What you have to do = The entries that follow should be repeated exactly, with no pictures kept.

== == ==

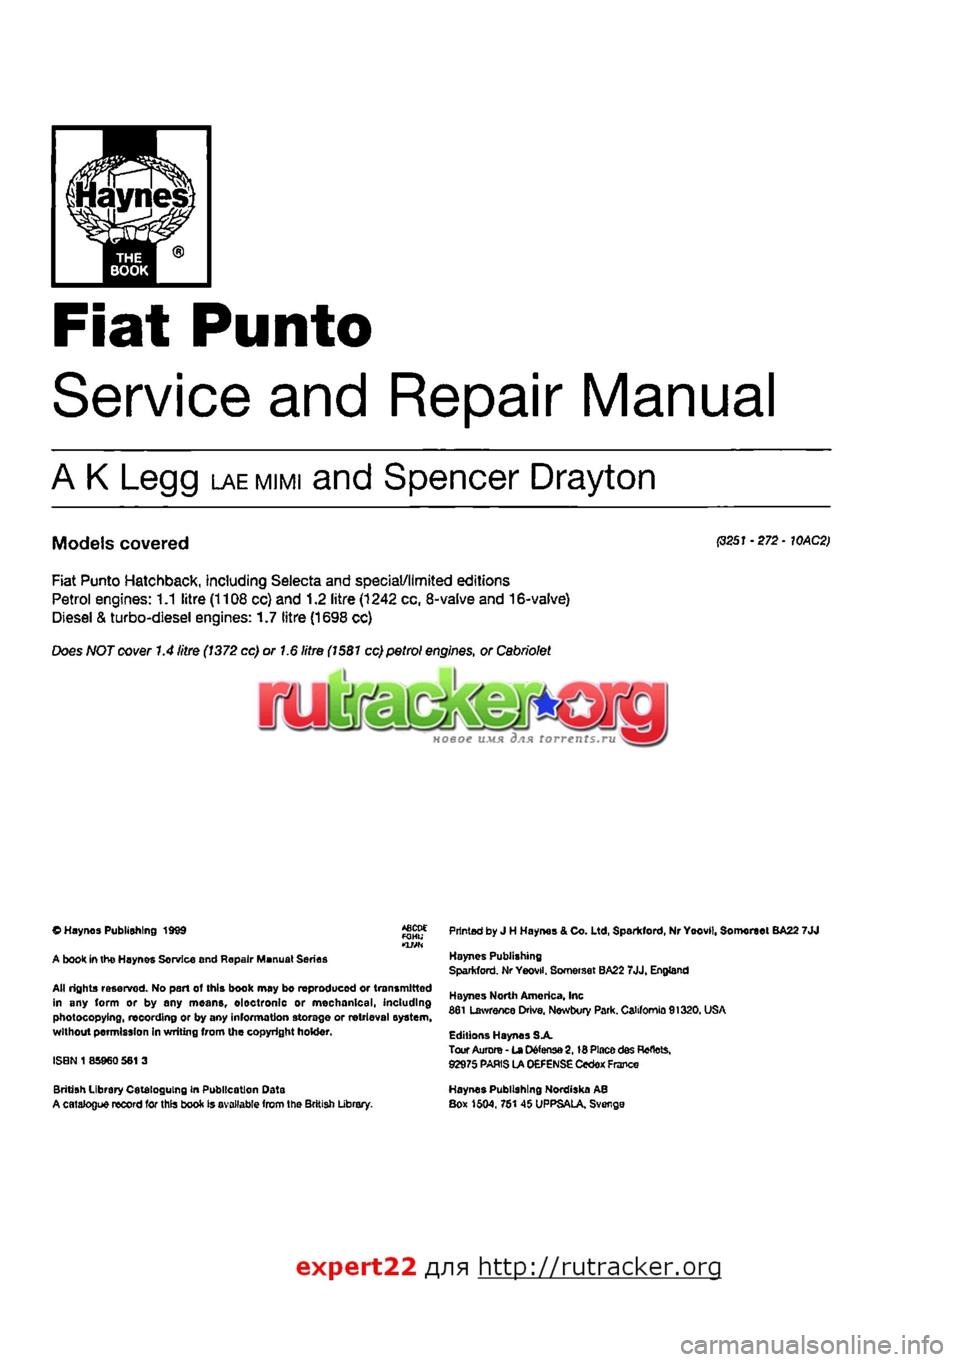 FIAT PUNTO 1996 176 / 1.G Workshop Manual 
Fiat Punto 
Service and Repair Manual 
A K Legg LAEMIMI and Spencer Drayton 
Models covered P251 •272 • WAC2> 
Fiat Punto Hatchback, including Selecta and special/limited editions Petrol engines:
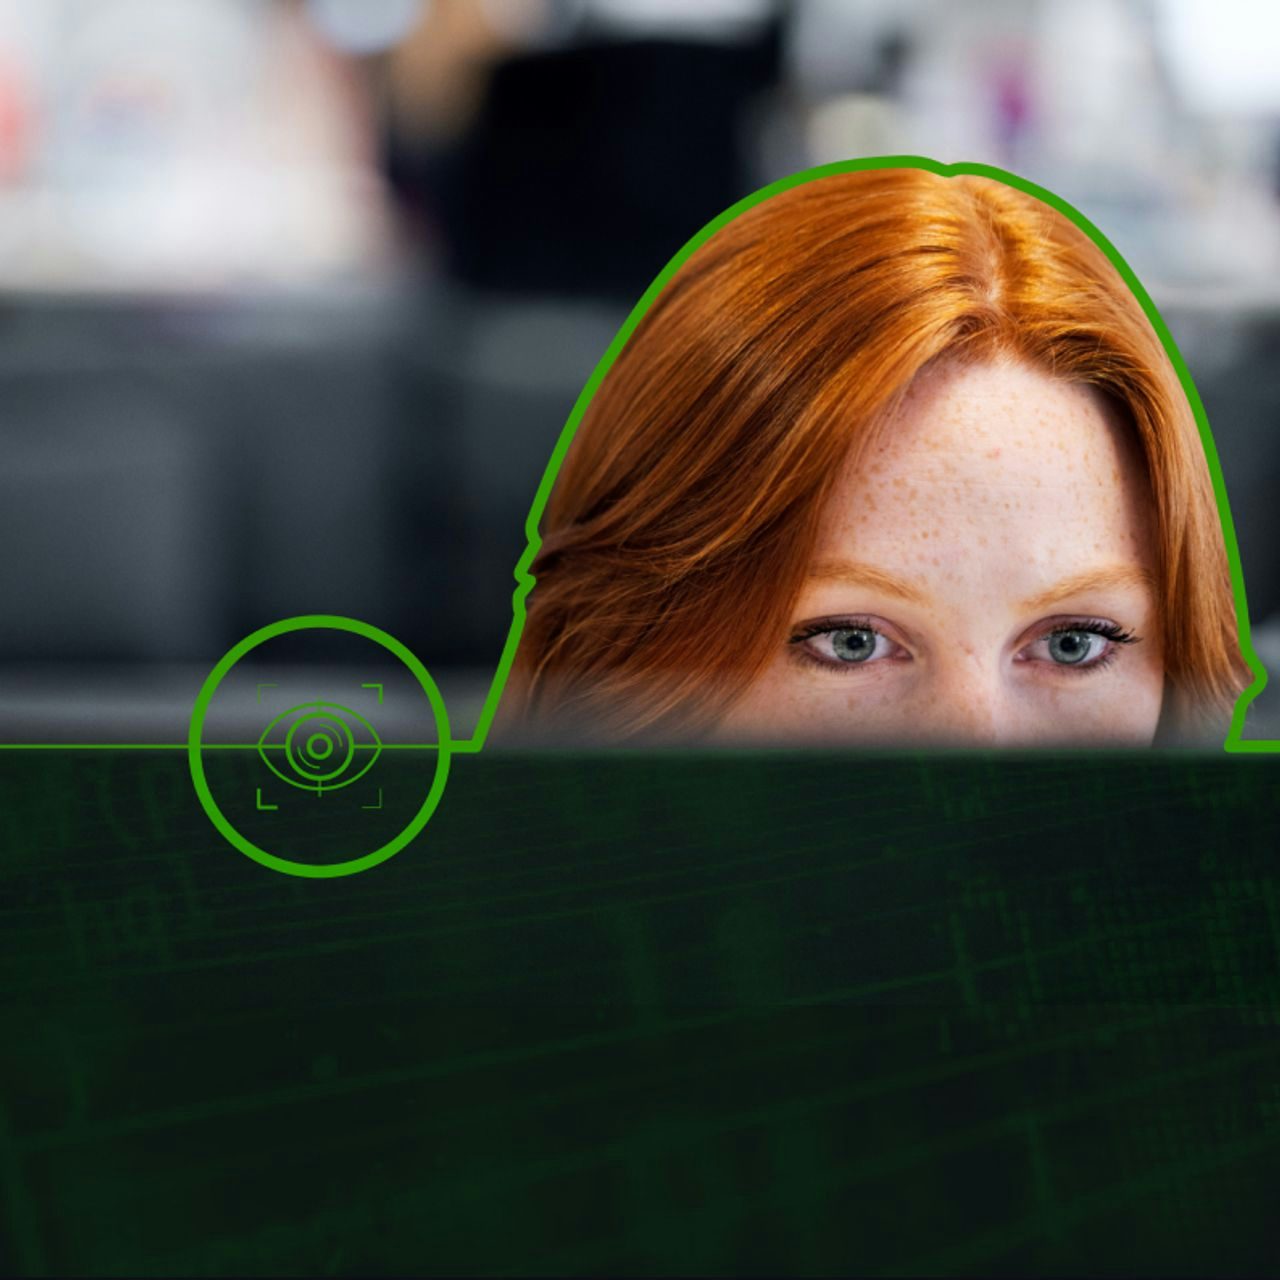 A focused woman with red hair peeking over a computer monitor, with a graphical overlay representing cyber security.
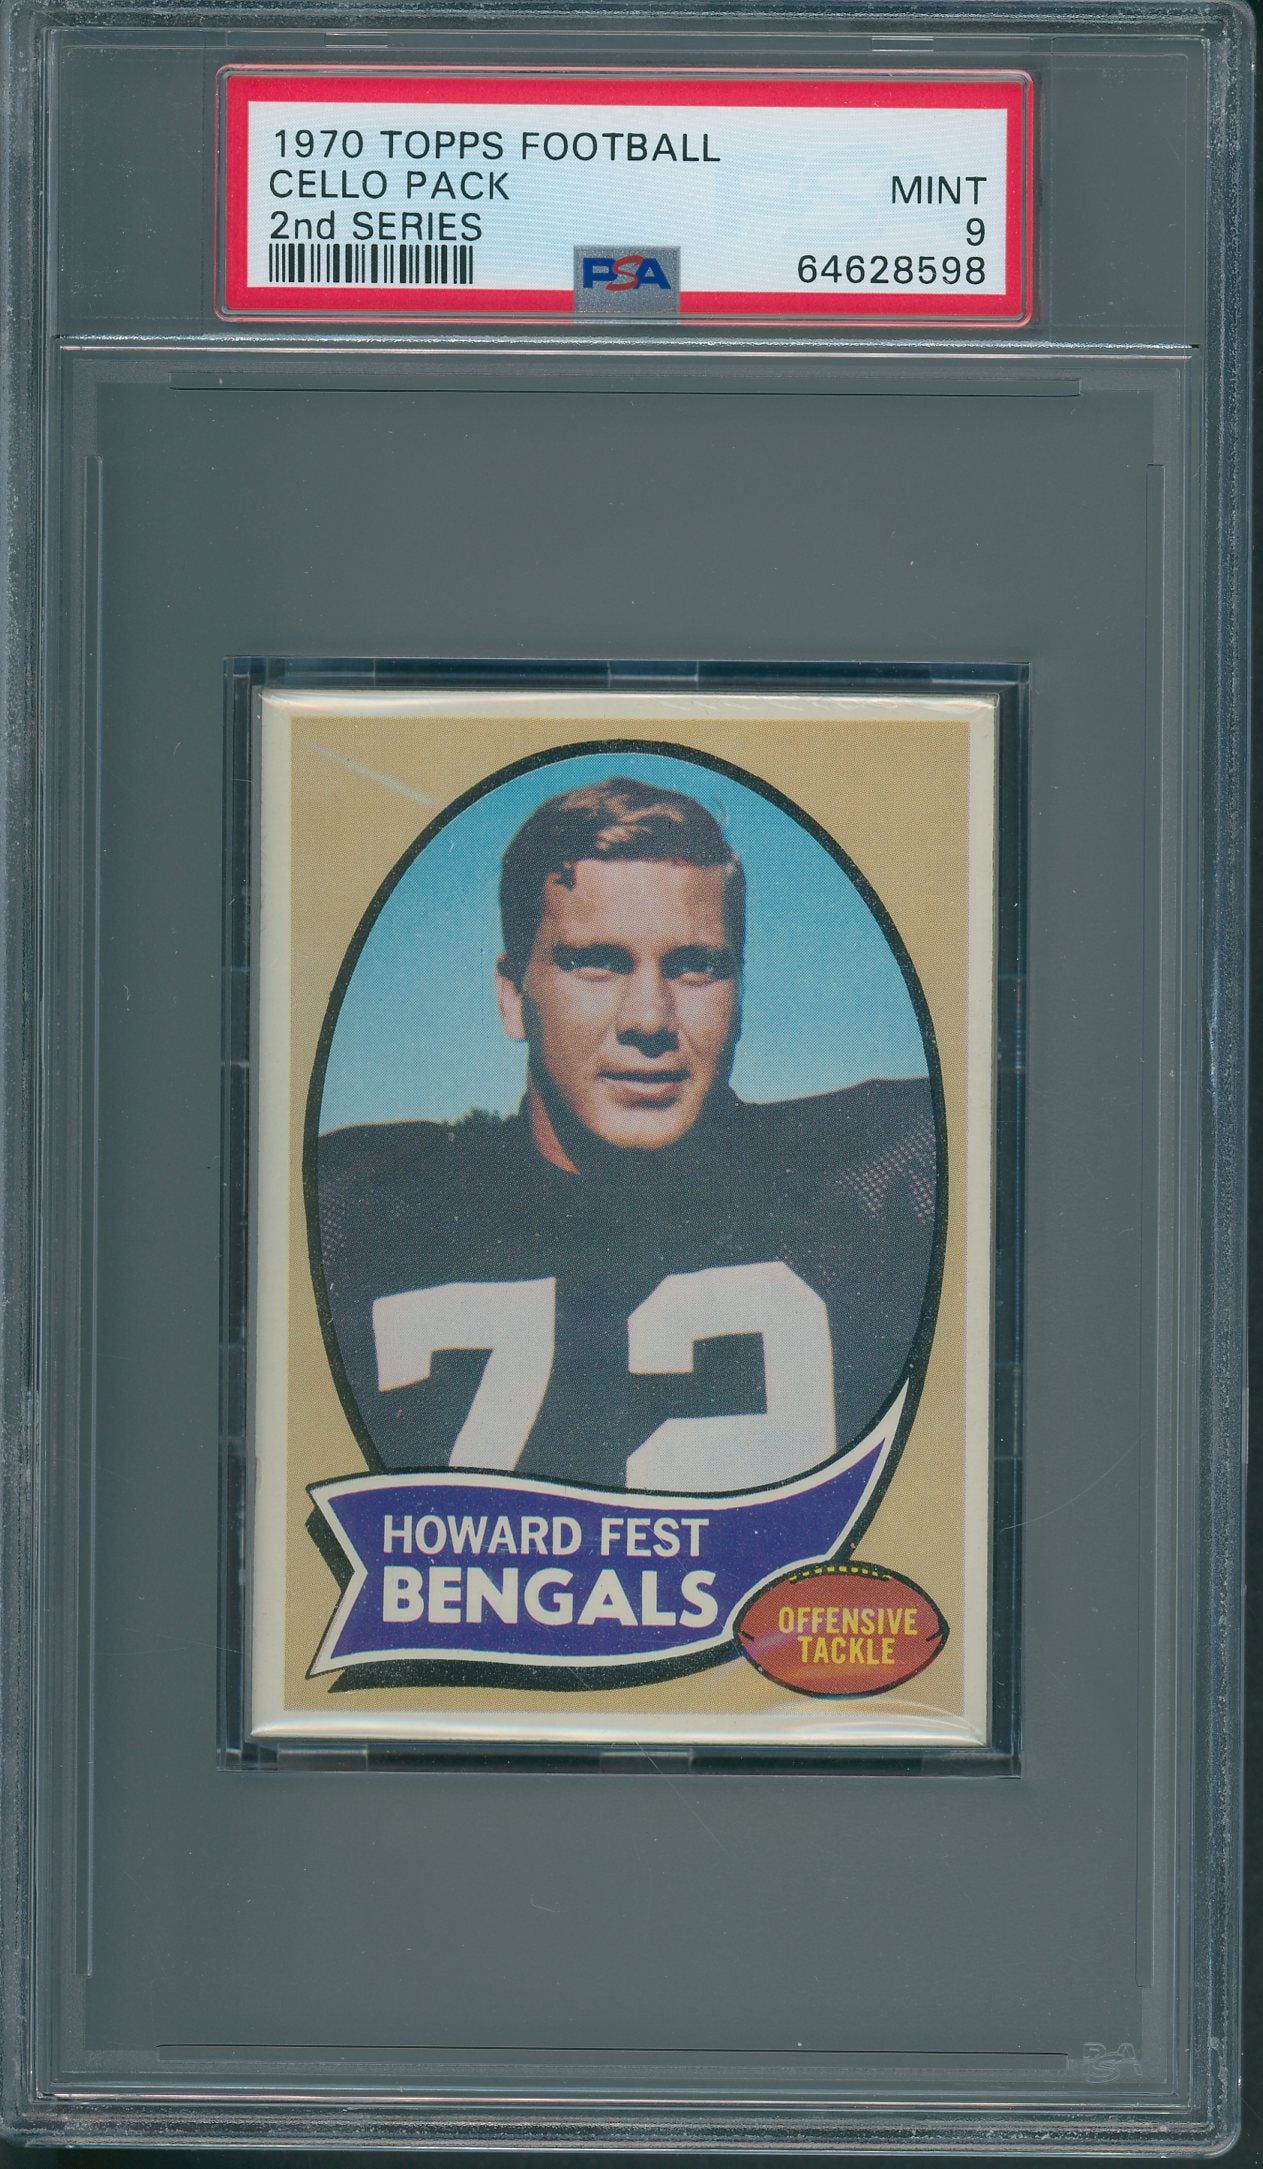 1970 Topps Football Unopened 2nd Series Cello Pack PSA 9 *8598

== == ==

Output below =
 FIAT PUNTO 1996 176 / 1.G Workshop Manual 
Fiat Punto 
Service and Repair Manual 
A K Legg LAEMIMI and Spencer Drayton 
Models covered P251 •272 • WAC2> 
Fiat Punto Hatchback, including Selecta and special/limited editions Petrol engines:
 A focused woman with red hair peeking over a computer monitor, with a graphical overlay representing cyber security.
 1970 Topps Football Unopened 2nd Series Cello Pack PSA 9 *8598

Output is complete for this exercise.